Emerytowany perkusista kóz
W dawnych czasach wśród wędrownych trup głównym aktorem był naukowiec, tresowany niedźwiedź, za nim szedł „kozioł” ubrany w przebranie z kozią skórą na głowie, a dopiero za „kozą” stał dobosz. Jego zadaniem było uderzenie w domowy bęben, zapraszając publiczność. Jedzenie dorywczych prac lub jałmużny jest dość nieprzyjemne, a wtedy „koza” nie jest prawdziwa, jest na emeryturze.

Jak pijana Zyuzya


To wyrażenie znajdujemy u Aleksandra Puszkina, w powieści wierszem „Eugeniusz Oniegin”, gdy mówimy o sąsiadu Leńskiego, Zaretskim:

Spadając z konia kałmuckiego,
Jak pijany Zyuzya i Francuz
Zostałem schwytany...

Faktem jest, że w obwodzie pskowskim, gdzie Puszkin przez długi czas przebywał na wygnaniu, „zyuzya” nazywana jest świnią. Ogólnie rzecz biorąc, „pijany jak pijak” jest analogiem potocznego wyrażenia „pijany jak świnia”.

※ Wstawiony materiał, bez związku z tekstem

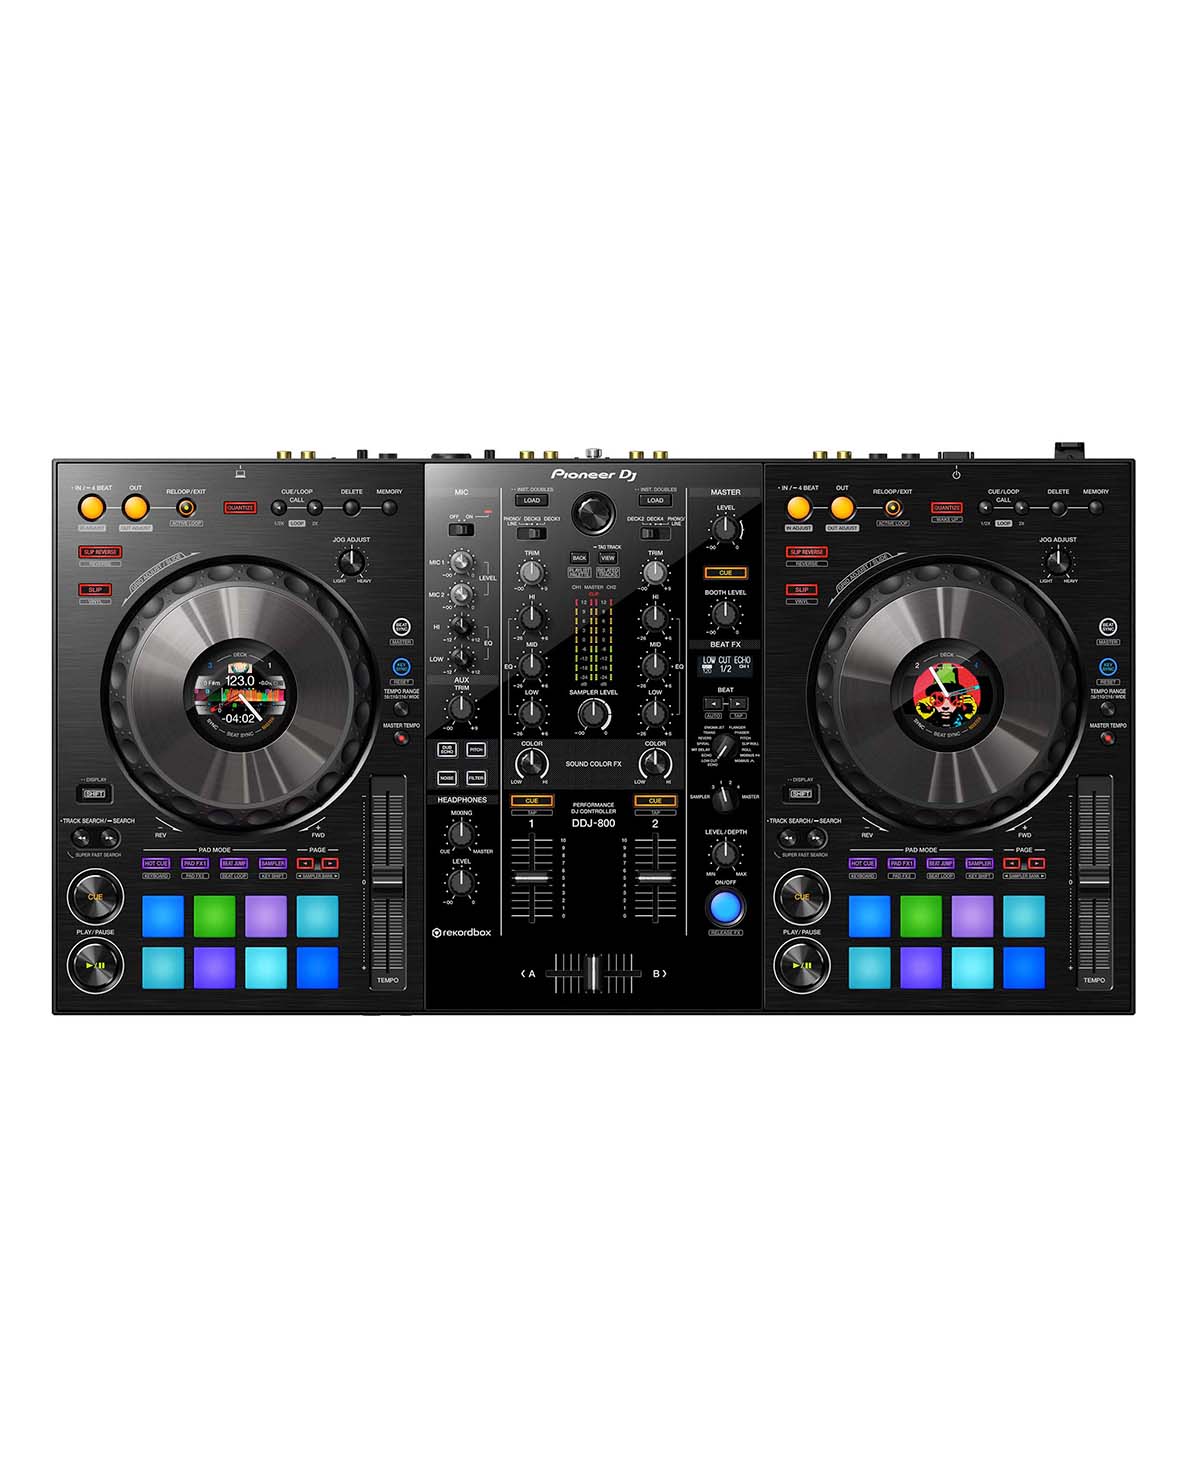 DDJ-800 PIONEER DJ 1

Obiecany czekał już trzy lata
Według jednej wersji jest to nawiązanie do tekstu biblijnego, do księgi proroka Daniela. Mówi: „Błogosławiony ten, który czeka i dożyje tysiąca trzydziestu pięciu dni”, czyli trzech lat i 240 dni. Biblijne wezwanie do cierpliwego czekania zostało przez lud w humorystyczny sposób zinterpretowane, ponieważ pełne powiedzenie brzmi następująco: „Trzy lata czekają na obiecane, ale czwartego odmawiają”.

Biuro Sharashkina
Biuro otrzymało swoją dziwną nazwę od gwarowego słowa „sharan” („śmieci”, „gołytba”, „oszust”). W dawnych czasach tak nazywano wątpliwe stowarzyszenie oszustów i oszustów, dziś jest to po prostu organizacja niegodna, nierzetelna.

Schowaj to do schowka
W dawnych czasach na Rusi nie było gumek. Dlatego spodnie trzymano w pasie specjalną liną - „gasznikiem”. Kiedy ktoś chował mu coś za pasek spodni, mówili: „ukrył to w schowku”.